If you can create a big list of word with this tool, you guys can go into jpdb.io and create a new deck from text. This will create a big deck based on the inserted text. The huge advantage is that you can sort the words in jpdb chronologically in the original insertion order or based on their whole (in my opinion superior) corpus or if you have words multiple times in the deck based on local the frequency within the deck. Also, jpdb allows you to import existing anki decks and even progress while providing a superior experience (at least compared to base anki). And you can tell jpdb to break down words to subvocabulary before learning it, making learning more intuitive imo.

That was me. Yeah, I started fiddling around and quickly realized the tool produces too many false words due to overlap in readings, too granular splitting, etc. Also Mecab was not really maintained.
Ginza produced better results, also you can see I added some filtering by part of speech to exclude grammar stuff.
However I don’t really read manga at the moment, so I stopped investigating how I can improve further. Also didn’t reach a stage where I can make meaningful pull request back into your tool.
However with my adjustments it could go from importing manga to generating Anki deck, with filtering out known words from WK or arbitrary list (Bunpro has no public API so no luck there).
I guess you can get some ideas from that.

1 Like

Bunpro has no public API but it has a Frontend API, on which both the web app and the mobile apps rely. I plan to do public Postman docs for this. You can join us here Bunpro API when?

In general I like the results of JPDB parser, and how it gives you the longest (?) match. For compound words and expressions that can be further broken down, one can click through from the dictionary entry.
If only there was a way to feed it fugirana available in the source text (epub/jpdb-reader/etc), so it can use that to disambiguate entries.

Yes!
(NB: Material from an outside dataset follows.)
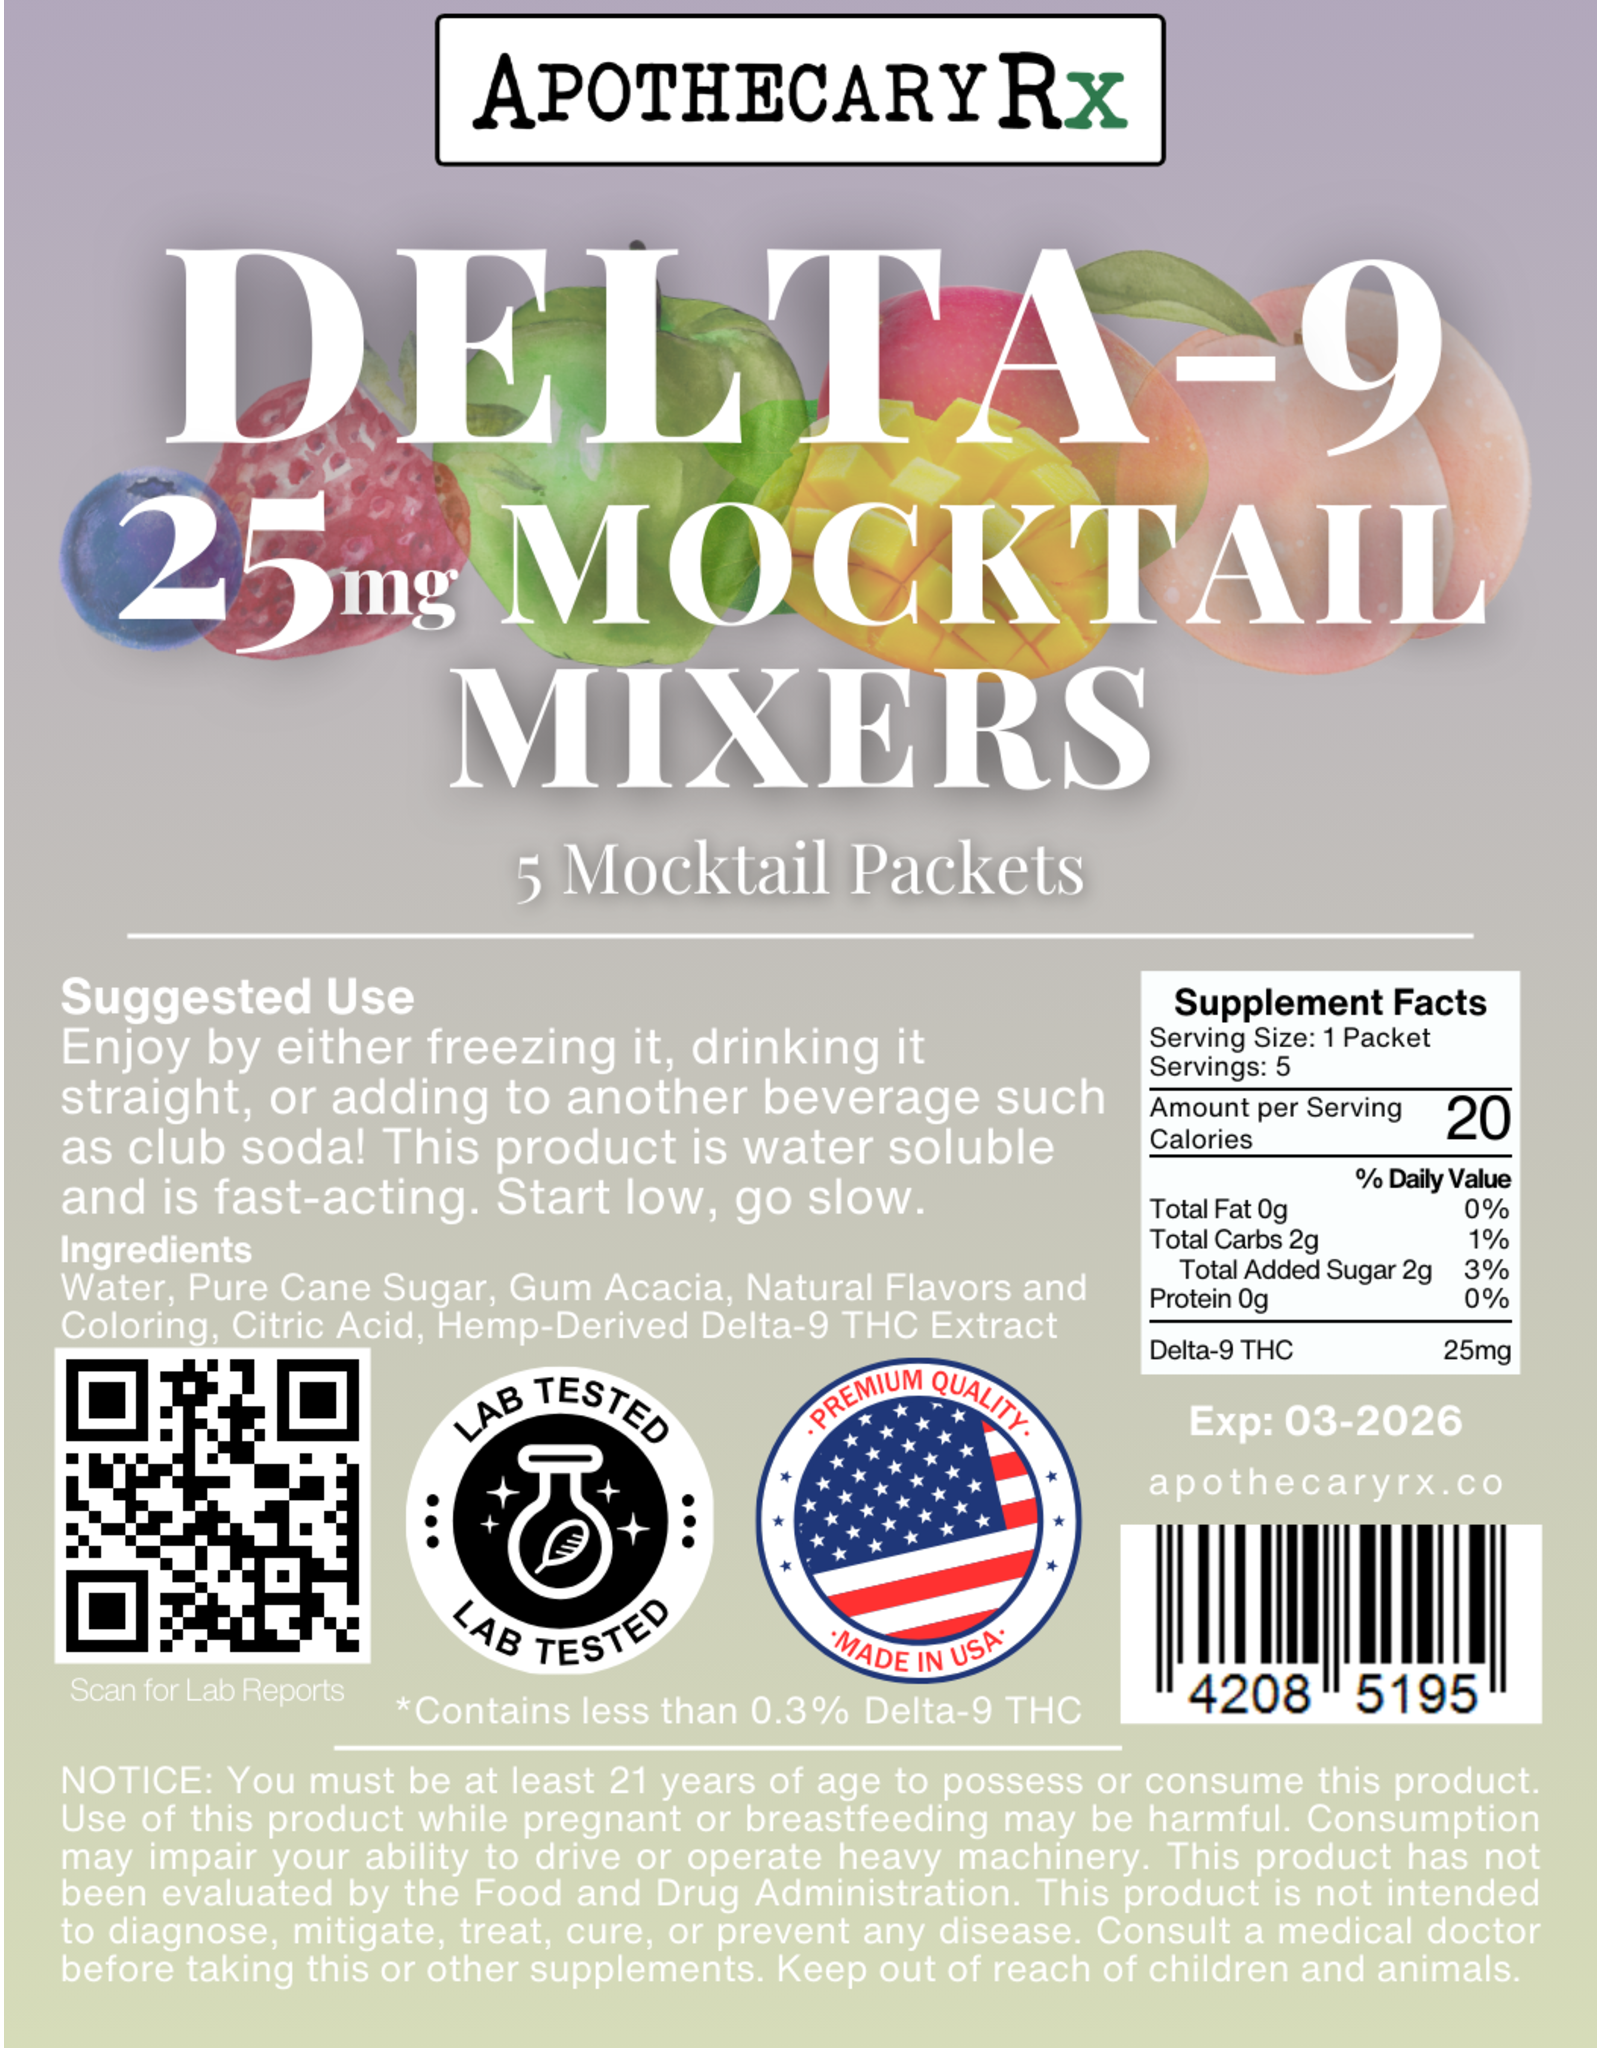 Apothecary Rx Apothecary Rx Delta-9 Mocktail Mixers 25mg 5ct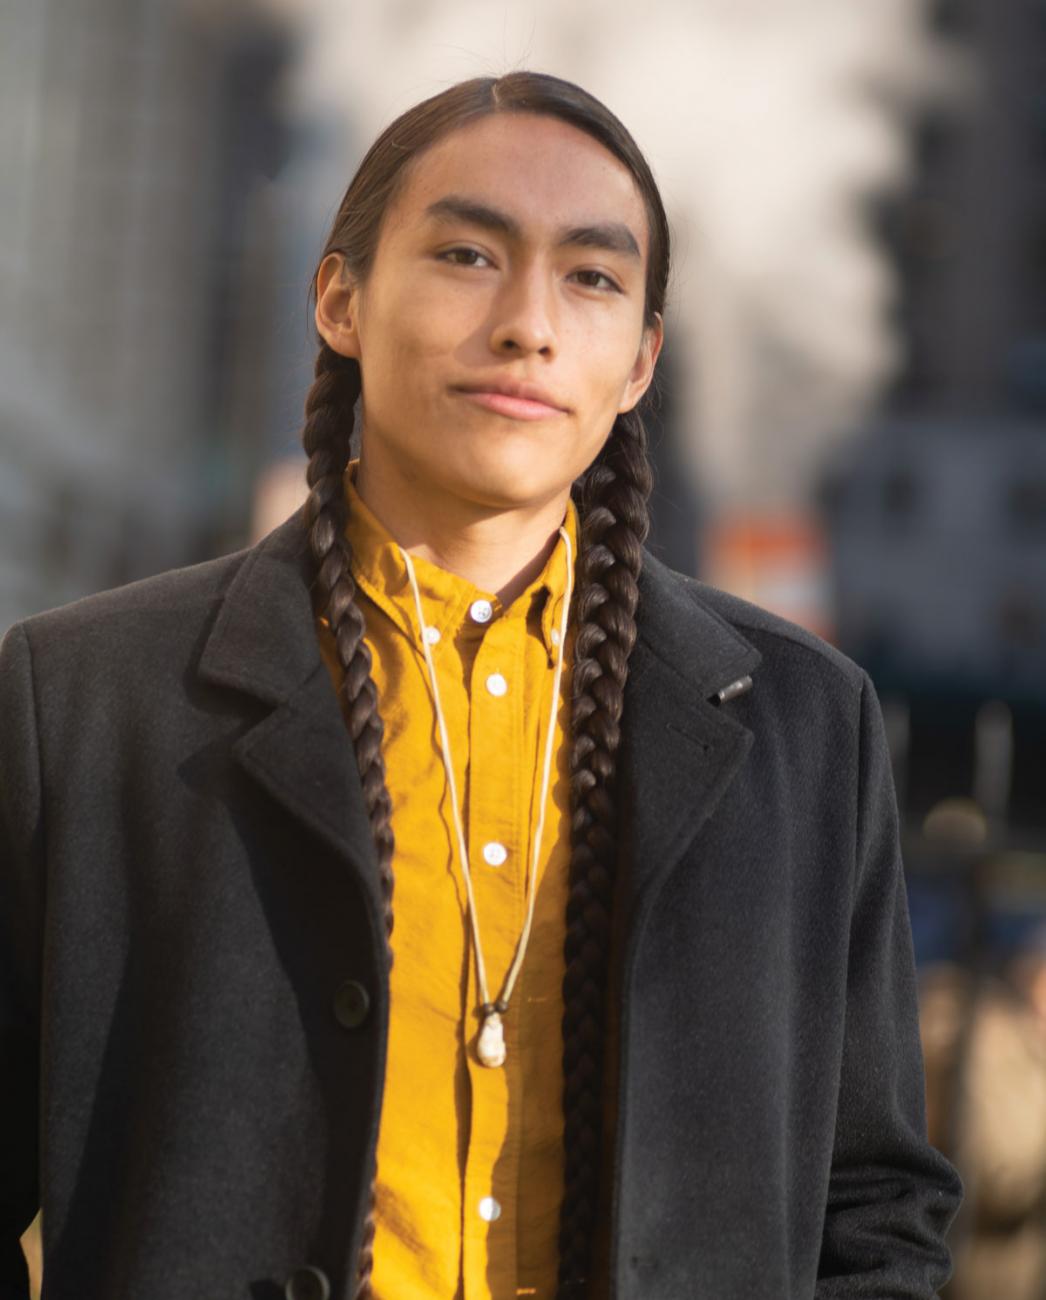 True Native New Yorkers: Connecting to Community and Each Other, Even in a  Crowd

That is exactly what I got too.
It seems great at first, but after more testing, it wasn’t that good.

JPDB is pretty good, but I don’t like the fact that it returns things that shouldn’t be studied.

Example: 私立聖祥大附属小学校に通う小学3年生!
JPDB: 私立, 聖, 祥, 大, 附属, 小学校, に, 通う, 小学, 3年, 生

It doesn’t make much sense to add “聖祥大” to your reviews - It’s just a name.


Overall I think I have best success by splitting into vocab list with JPDB.
Then, sending the original text, and the JPDB vocab list to Gemini to clean up.

Task: Identify items that should be removed from the vocabulary list.
Use the Japanese text to understand the context of the items in the vocabulary list.

Only remove the following
* Particles
* Proper nouns, unless they are names of common objects or places.
* Grammar points
* Duplicates

Output:
* Return the list of items to be removed, together with the detailed removal reason.
{
  "item": "聖",
  "reason": "Part of a proper noun (私立聖祥大附属小学校)."
},
{
  "item": "祥",
  "reason": "Part of a proper noun (私立聖祥大附属小学校)."
},
{
  "item": "大",
  "reason": "Part of a proper noun (私立聖祥大附属小学校)."
},

Gemini is also able to remove extra stuff from JPDB output. (I didn’t bother to locate the original sentence).

{
  "item": "ちゃう",
  "reason": "Grammar point (casual form of 〜てしまう auxiliary verb)."
},
{
  "item": "ない",
  "reason": "Grammar point (negation suffix/auxiliary adjective)."
},

Perhaps it could be even link to Bunpro’s grammar points, but that’s not a priority for me (and probably won’t be doing it).
Maybe provide a list of Bunpro grammar points and the original text to Gemini, and tell Gemini to return a list of Bunpro grammar points.
But, you need to figure out how to programmatically insert the grammar point into a deck in Bunpro.